─── Records provided ───

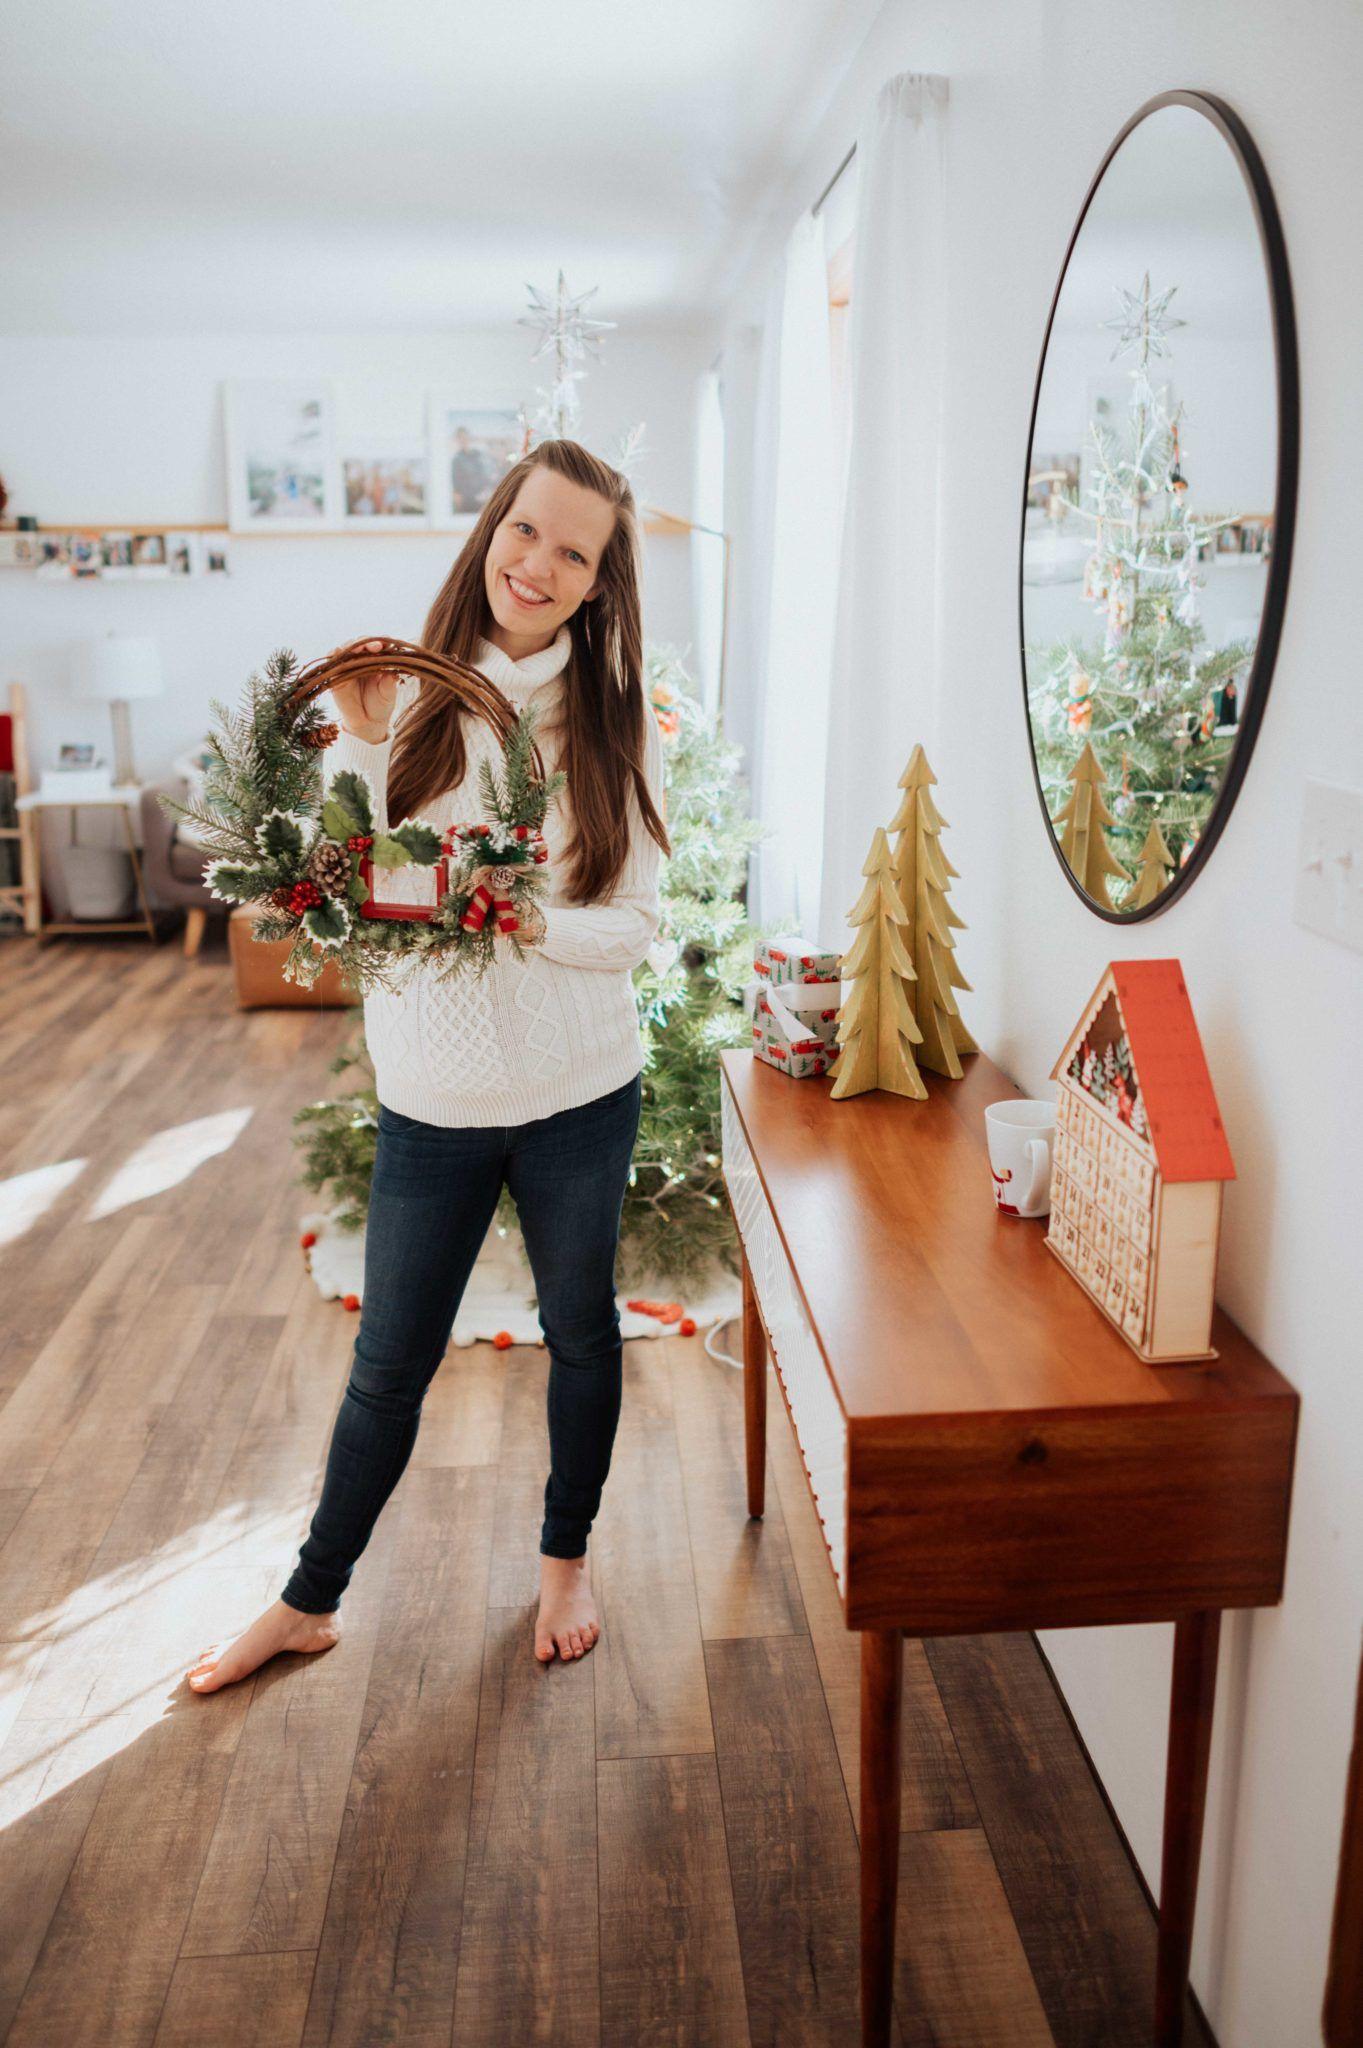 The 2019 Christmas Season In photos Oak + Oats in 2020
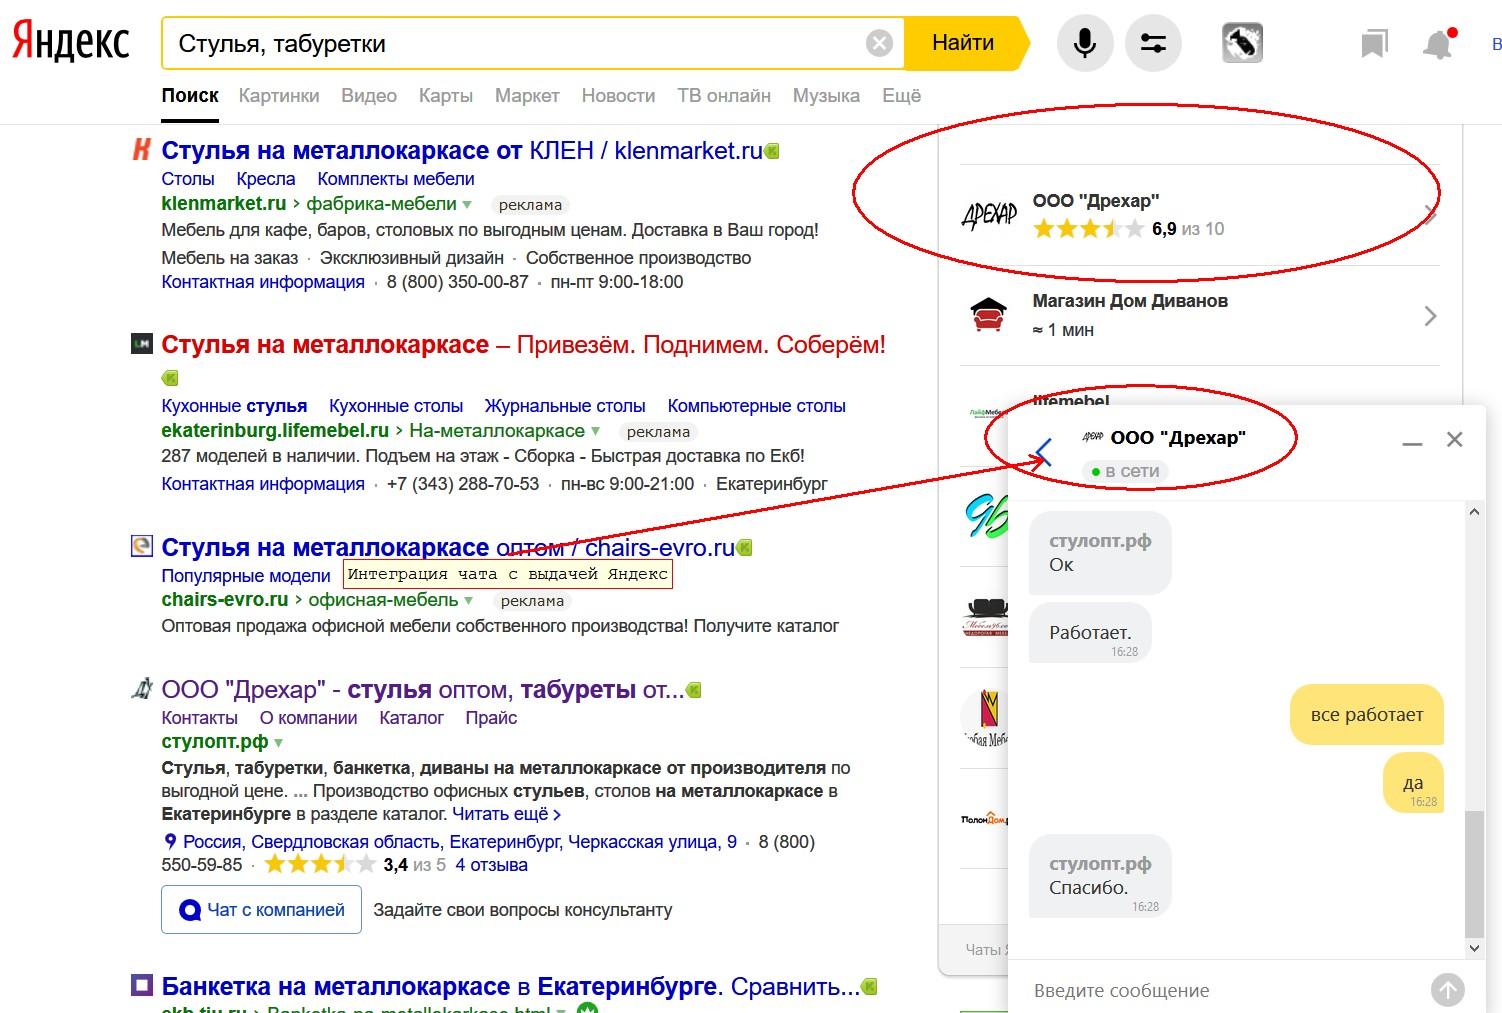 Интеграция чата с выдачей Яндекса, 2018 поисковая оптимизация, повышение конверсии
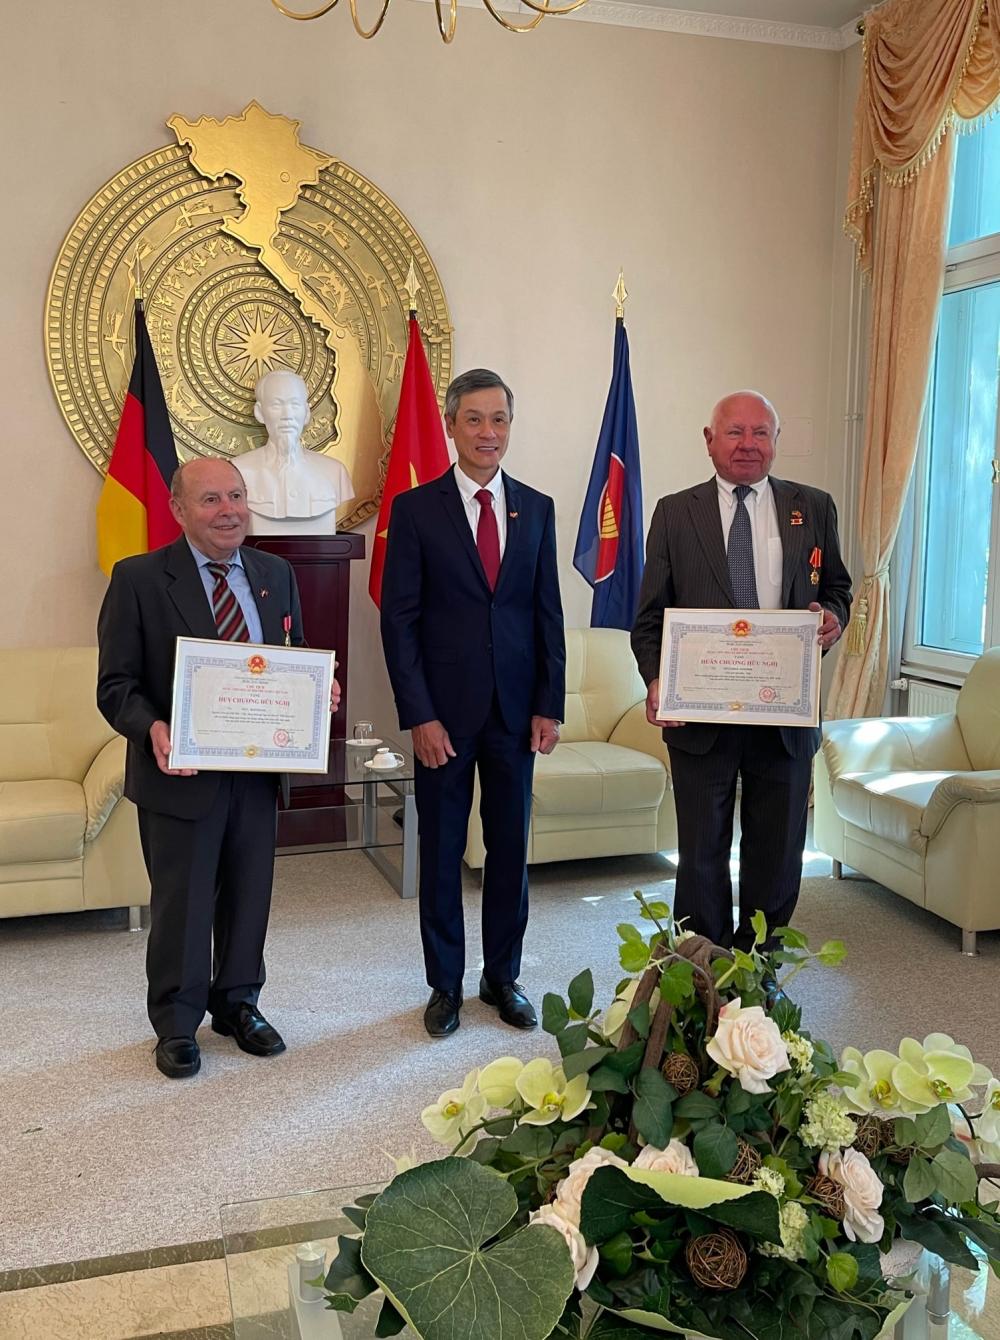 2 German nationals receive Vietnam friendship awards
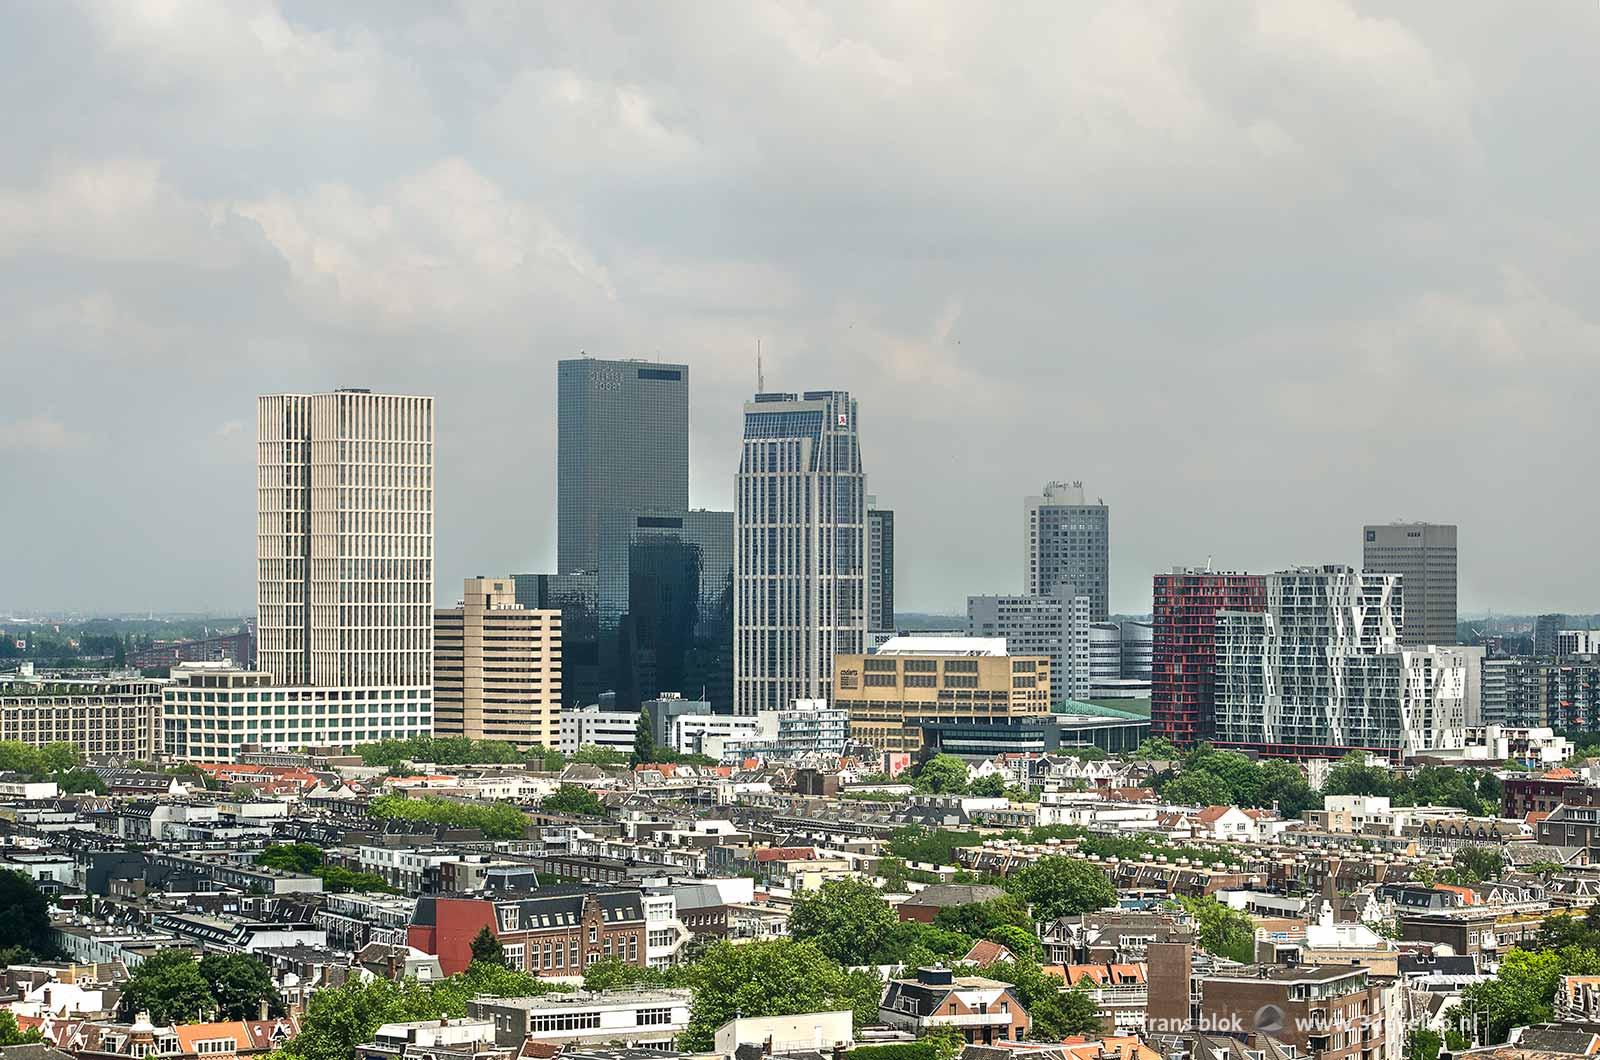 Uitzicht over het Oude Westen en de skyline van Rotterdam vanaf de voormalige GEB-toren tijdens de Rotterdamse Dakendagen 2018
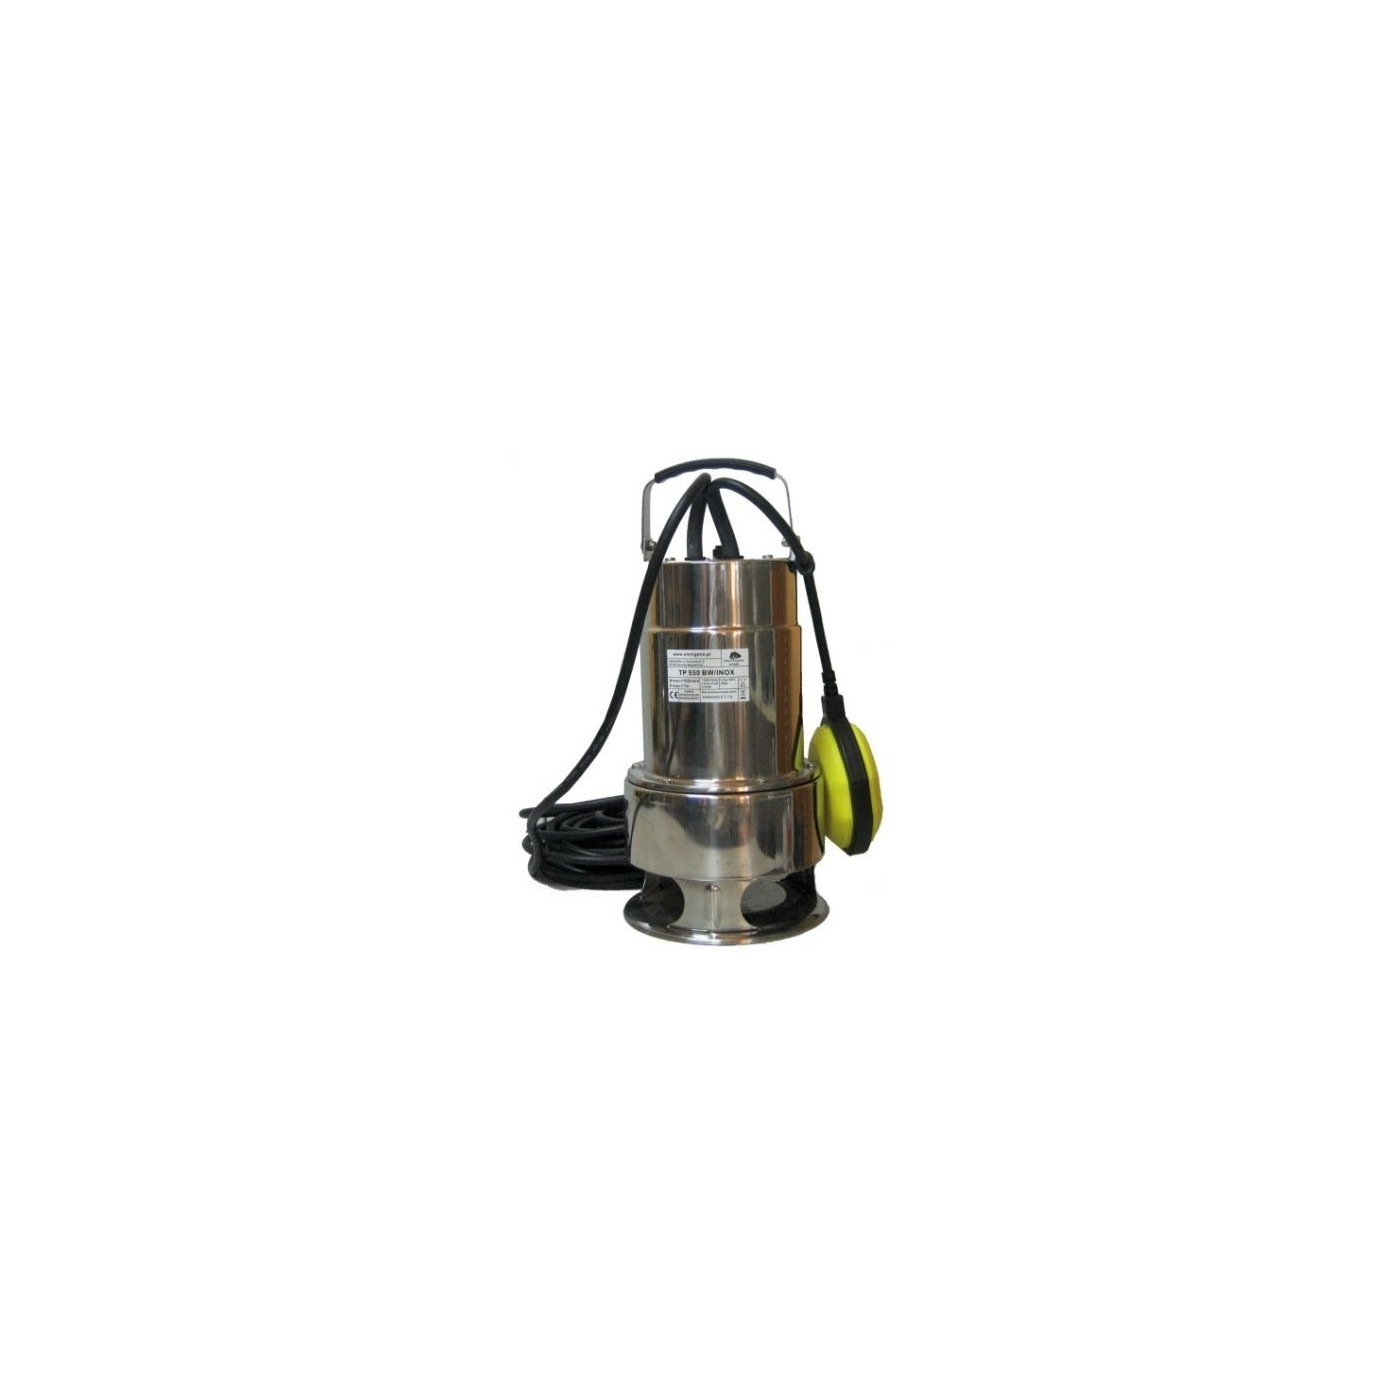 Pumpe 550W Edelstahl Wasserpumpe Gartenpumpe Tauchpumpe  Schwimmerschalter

───

→ Required work: All entries above must be printed again verbatim, with images excluded.

→ Answer to the exercise:
 The 2019 Christmas Season In photos Oak + Oats in 2020
 Интеграция чата с выдачей Яндекса, 2018 поисковая оптимизация, повышение конверсии
 2 German nationals receive Vietnam friendship awards
 Uitzicht over het Oude Westen en de skyline van Rotterdam vanaf de voormalige GEB-toren tijdens de Rotterdamse Dakendagen 2018
 Pumpe 550W Edelstahl Wasserpumpe Gartenpumpe Tauchpumpe  Schwimmerschalter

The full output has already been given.